Making your own clothes was common in East Germany. In this video interview, people who worked at Sibylle, a women’s fashion magazine dubbed the “Vogue of the east”, explain that if you wanted to have the clothes that appeared on its beautifully photographed pages (some of which can be seen here), you pretty much had to make them yourself. Sibylle was not really about selling clothes. It was about providing inspiration – what the journalist Ulf Poschardt has described it as “Republikflucht mit äesthetischen Mitteln”, fleeing the republic by aesthetic means.

Sibylle, the East German Vogue

“Johann”‘s position, however, was extreme. He wouldn’t buy any clothes in the East German shops. It was a form of aesthetic rebellion, this absolute refusal to consume what his society offered. It made a big impression on me, because although was an entirely personal rebellion, it required a great deal of commitment, and so I co-opted it for Magda:

“Clothes are special to you,” the second person narrator says of her in The Leipzig Affair. “They’ve always been your escape, your rebellion. Everyone in the Workers’ and Farmers’ state has to have somewhere private to go, and this is where you go. It’s your very own version of internal emigration: you do not wear their clothes.”

Naschmarkt Leizpig 1986

Crossing the Naschmarkt in Leipzig in 1986 with “Johann”, who made all his own clothes. As I recall, I knitted that top myself too.

Magda’s attitude to clothes is different from “Johann”‘s in one respect, however. She wants to get her hands on a pair West-Jeans. I’m pretty sure “Johann” wouldn’t have worn West-Jeans. Much as he despised the East German regime, he hated West Germany even more. When the 1986 World Cup started, I asked him if he’d be supporting West Germany. “Als Letzte,” he replied – last choice.

This hostile attitude towards the west and West Germany in particular, was common among East German “regime critics” and it’s there in Magda too. There probably were East Germans who thought West Germany was glitzy and wonderful, but I have to say didn’t meet any of them in Leipzig.

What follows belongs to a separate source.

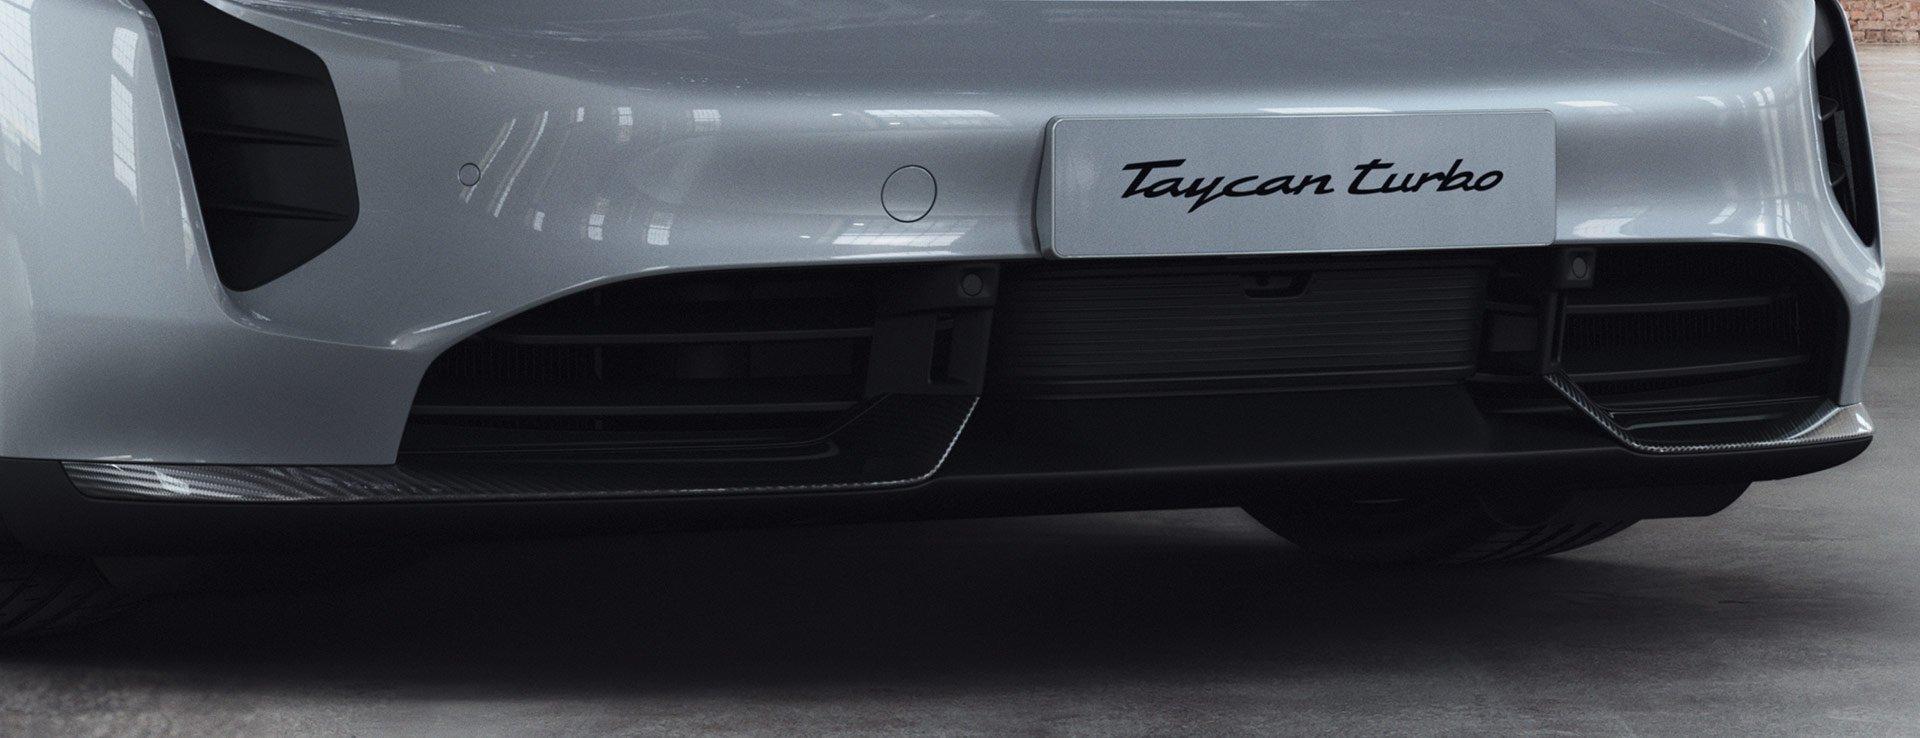 Porsche-Exclusive-Taycan-Turbo-10

Most of the people I met wanted a better and freer society that was still socialist.

And although there were plenty of big problems in the GDR, many of the frustrations people felt on a day-to-day basis were to do with small things. Like clothes. Perhaps because those kinds of details crush individuality.

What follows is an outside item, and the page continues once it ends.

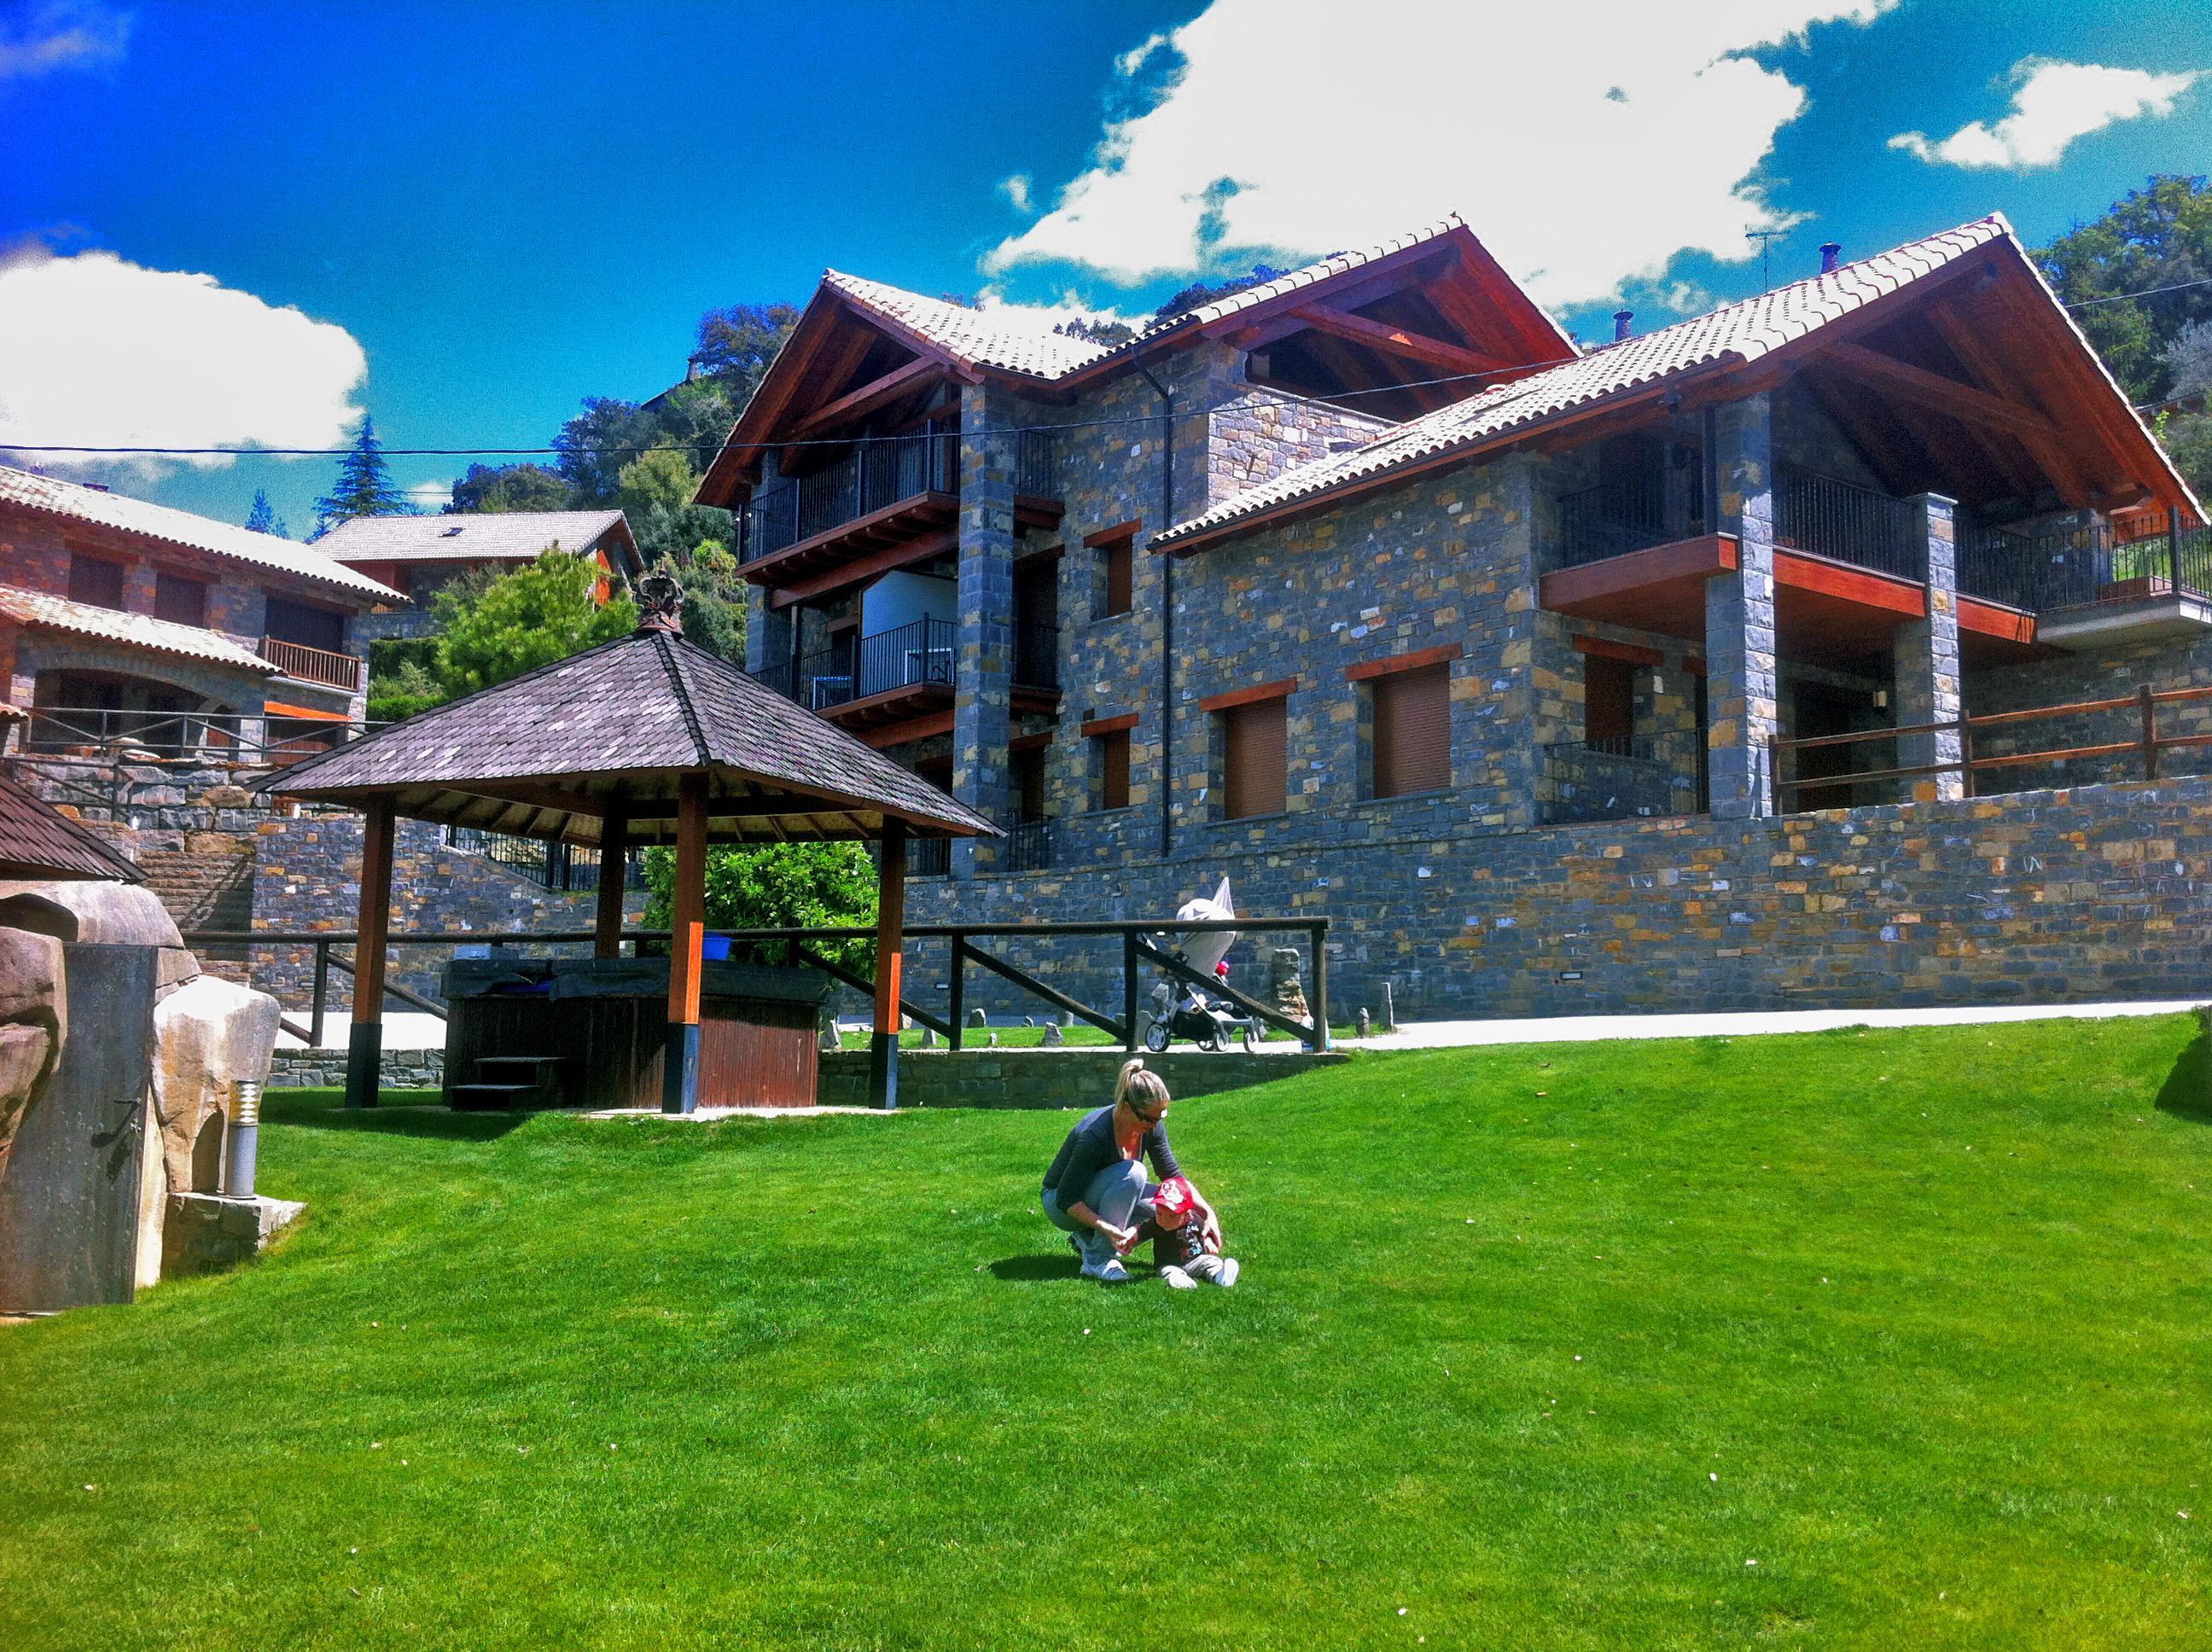 Fotos 10 casas rurales con piscina para ir con ni os for Casas rurales en caceres con piscina

In The Leipzig Affair, Magda has to start wearing the clothes in the shops in order to appear to fit in. She has to do a lot of other things too, but “dressing for the new role you’ve adopted as a politically reliable and diligent student at the Karl Marx University Leipzig is the hardest part for you, the part you struggle with the most. It’s one thing to act like you want to conform, quite another to dress like it.”

It’s hard because it’s about so much more than clothes. Like Sibylle readers and my friend “Johann”, Magda has been fleeing the republic – and asserting her personality – by aesthetic means.